Top of Task data
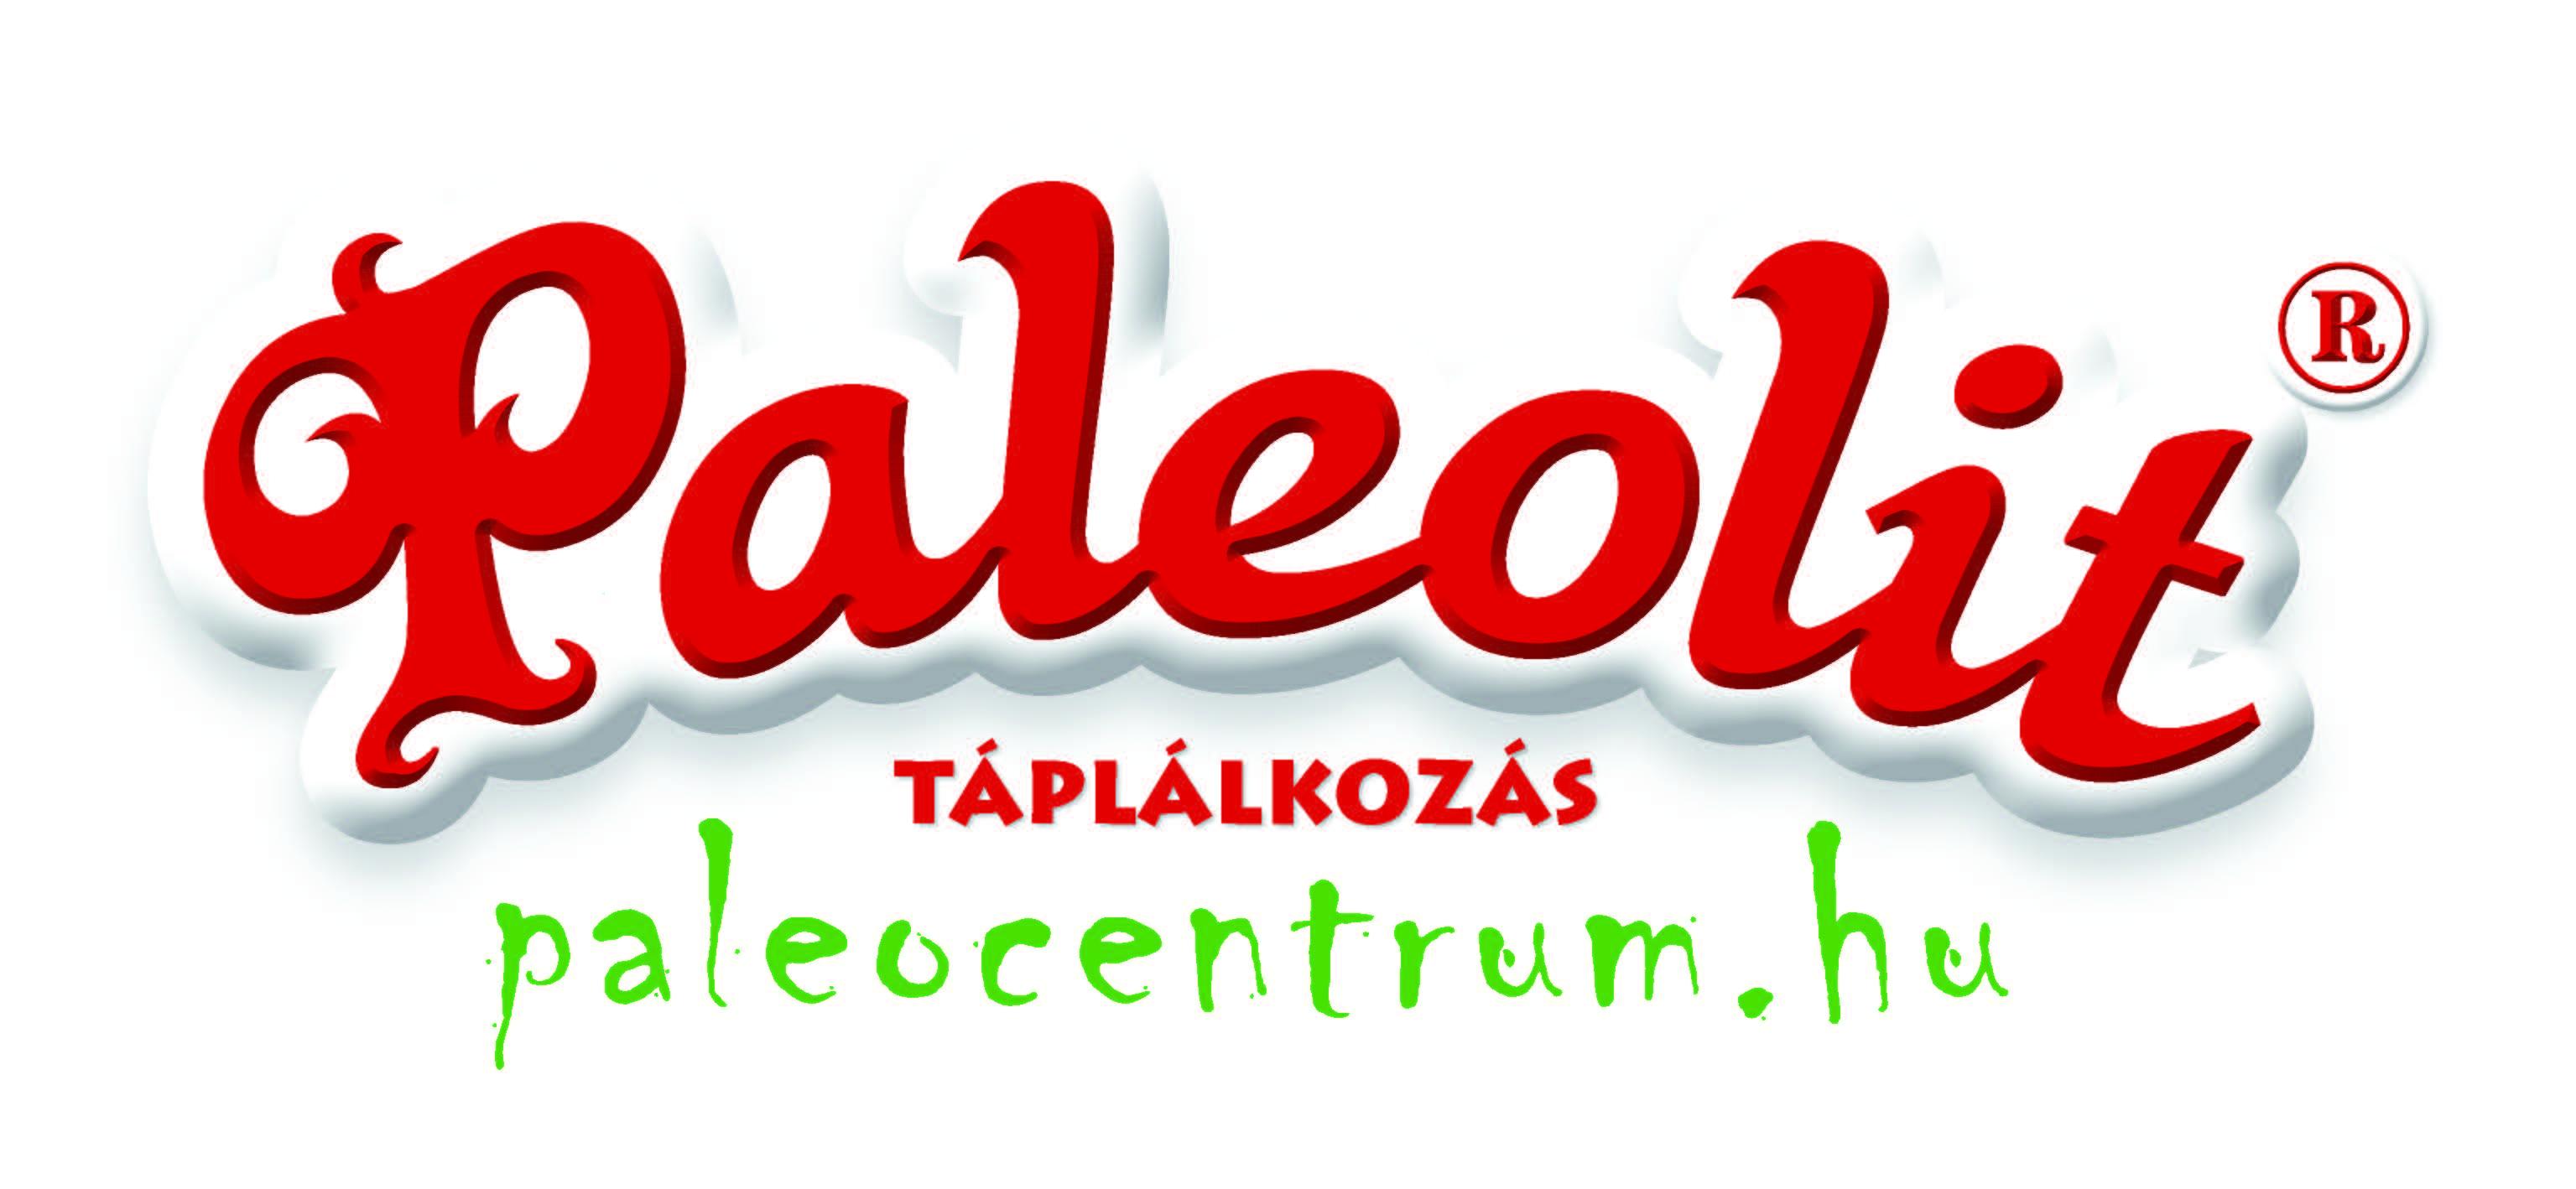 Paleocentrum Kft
Bottom of Task data
Top of Task data
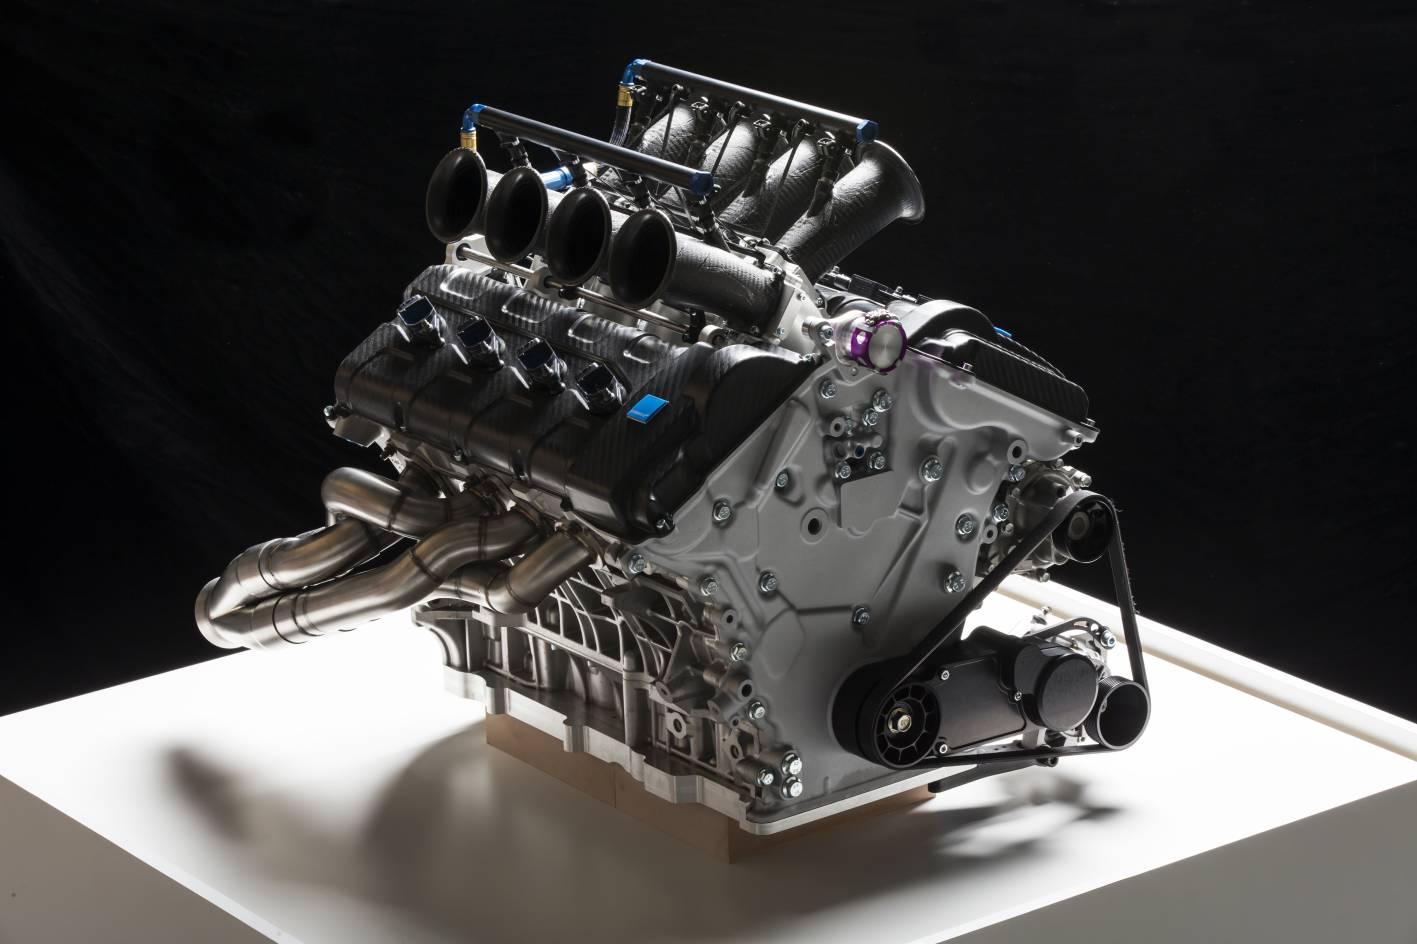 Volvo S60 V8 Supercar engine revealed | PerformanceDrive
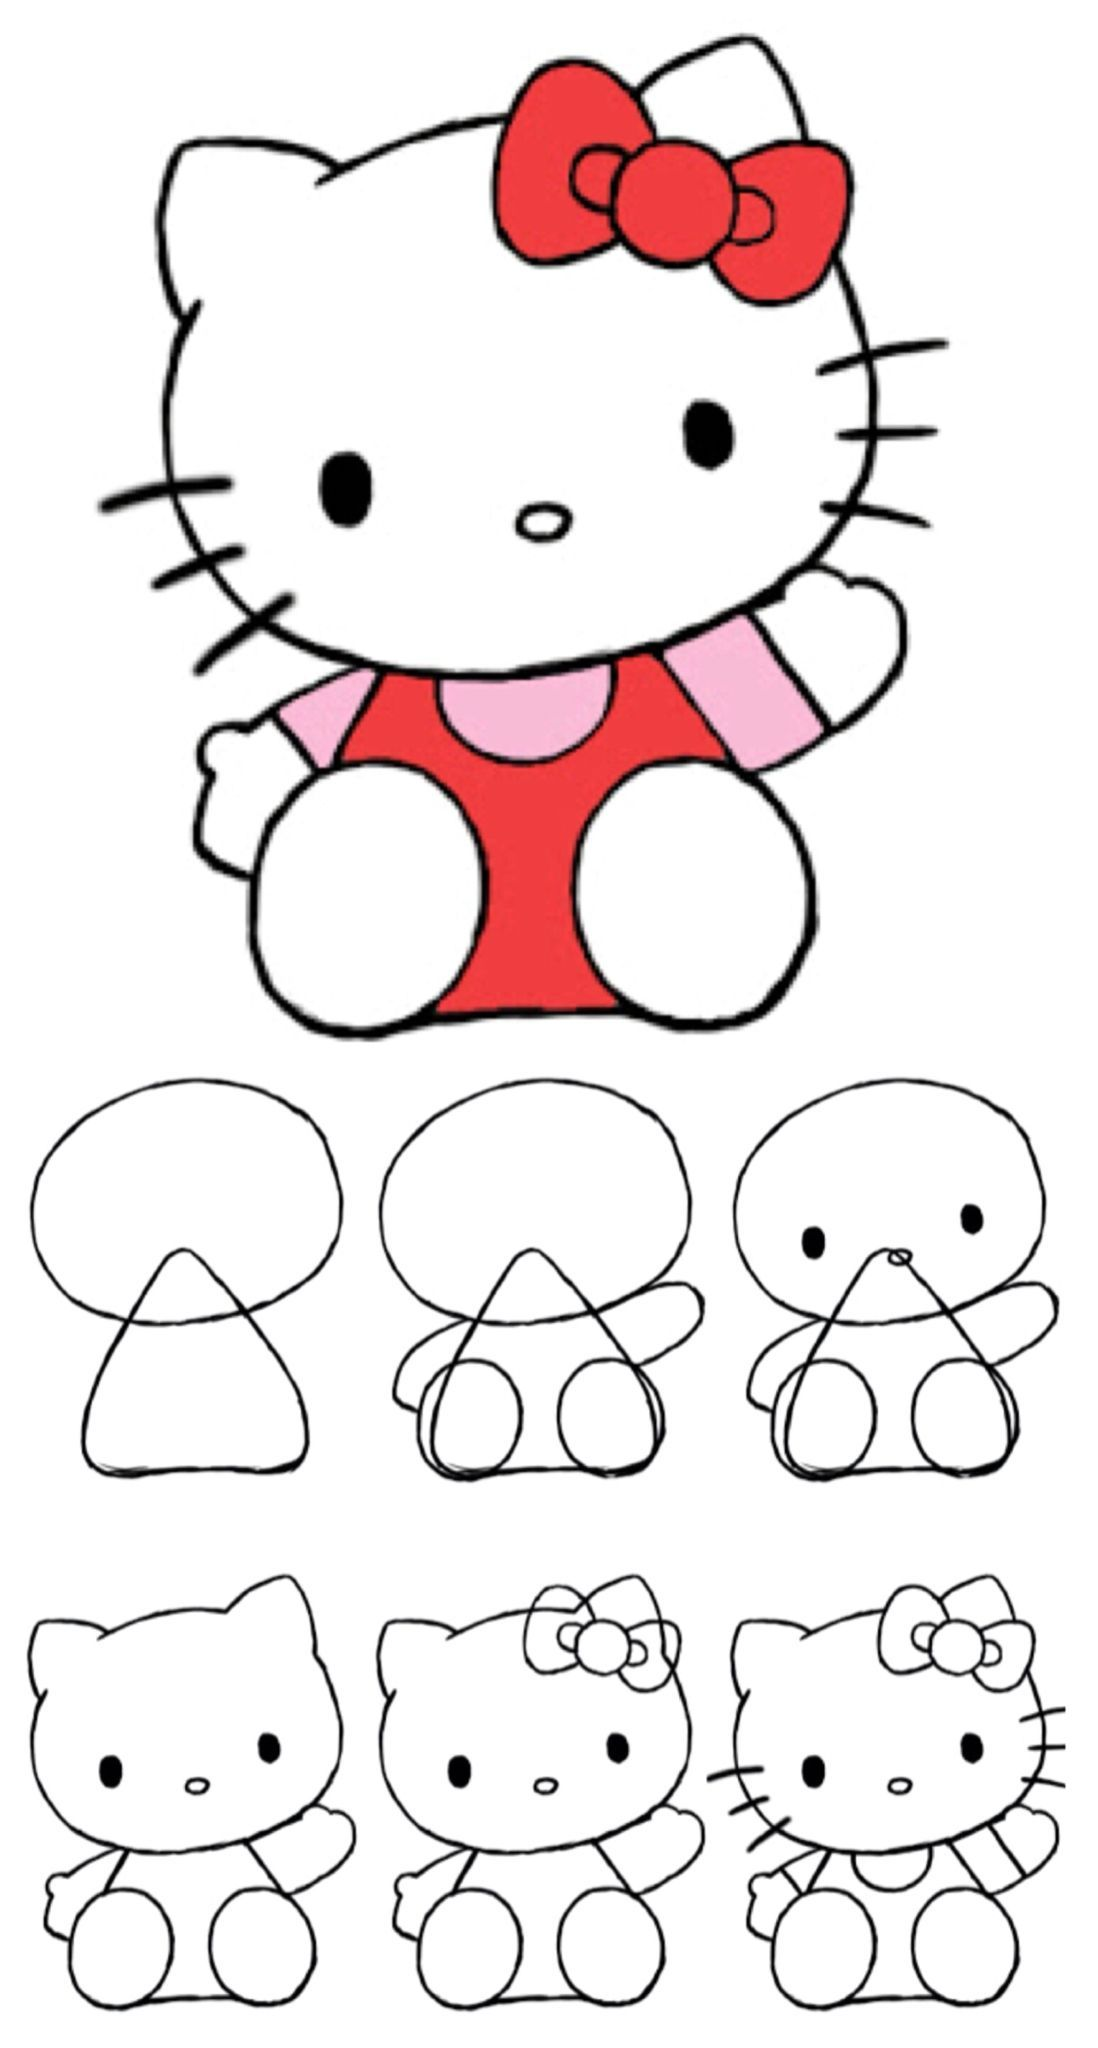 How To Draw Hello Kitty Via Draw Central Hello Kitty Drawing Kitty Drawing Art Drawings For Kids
Bottom of Task data
Task
In the listing above, find the line containing "Volvo S60 V8" and the line containing "How To Draw". Reproduce those lines and all between them exactly, with no pictures and nothing more.

Response to the exercise
 Volvo S60 V8 Supercar engine revealed | PerformanceDrive
 How To Draw Hello Kitty Via Draw Central Hello Kitty Drawing Kitty Drawing Art Drawings For Kids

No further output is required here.